Ein weiterer Ansatz lautet, dass weiterhin 70 Prozent der Ressourcen des Marketingteams in lange im Voraus geplante Marketingmaßnahmen investiert und durch agile Ansätze ergänzt werden. In diesem Fall wird die agile Arbeitsweise als Response-Mechanismus verwendet, der nach der Veröffentlichung einer Marketingmaßnahme zum Lernen und für kleinere, ergänzende Marketingmaßnahmen sowie die Bearbeitung unvorhergesehener Kundenanliegen angewendet wird. Dieser Ansatz kann auch einen guten Einstieg in das agile Marketing darstellen.

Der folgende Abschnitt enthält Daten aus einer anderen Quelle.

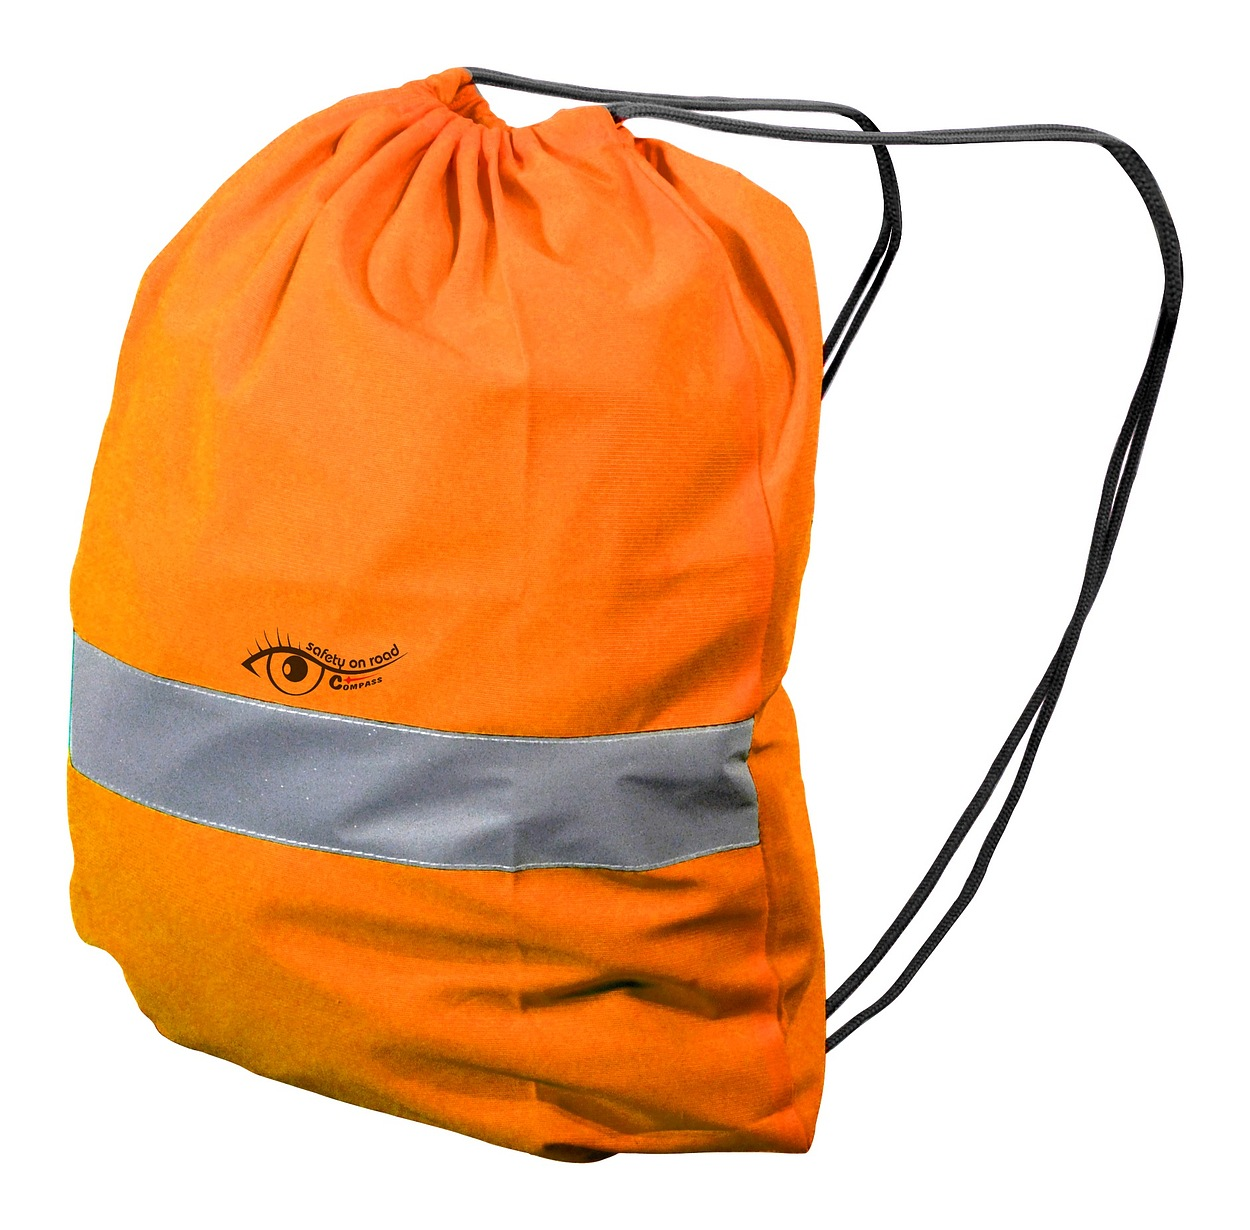 Compass Batoh reflexní S.O.R. oranžový

Um agile Methoden einführen zu können, muss nämlich auch ein guter Zeitpunkt gefunden werden; auch die „Richtung“ entscheidet über den Erfolg. Laufende Projekte lassen sich nur schwer auf Agile umstellen; beim Start neuer Projekte fehlt dann aber die Erfahrung in der agilen Arbeitsweise, um direkt durchstarten zu können. Wird dann ausschließlich vom Management (also von oben) verlangt, dass nun agil gearbeitet werden soll, führt das zu Frust und Stress. Wollen nur die Mitarbeiter agil werden (Agile von unten), ohne dass das Management mitzieht, entstehen Konflikte und Einschränkungen der Arbeitsweise. Einzelne Aufgabenbereiche Agil zu gestalten, kann hier einen guten Mittelweg darstellen, um sich der Arbeitsweise anzunähern.

Fazit

Wer bei agilem Marketing ausschließlich an Tweets denkt, die die aktuellen Hashtag-Trends aufgreifen, hat das Konzept nicht verstanden. Agile kann Marketingteams viel mehr bieten als nur eine Option zur kurzfristigen Reaktion auf aktuelle Social-Media-Entwicklungen. Wer es richtig macht, kann die Methoden sowohl punktuell einsetzen als auch zur Grundlage großer Kampagnen machen. Schnell reagieren zu können, wenn sich irgendetwas ändert, kann nämlich ein entscheidender Wettbewerbsvorteil sein!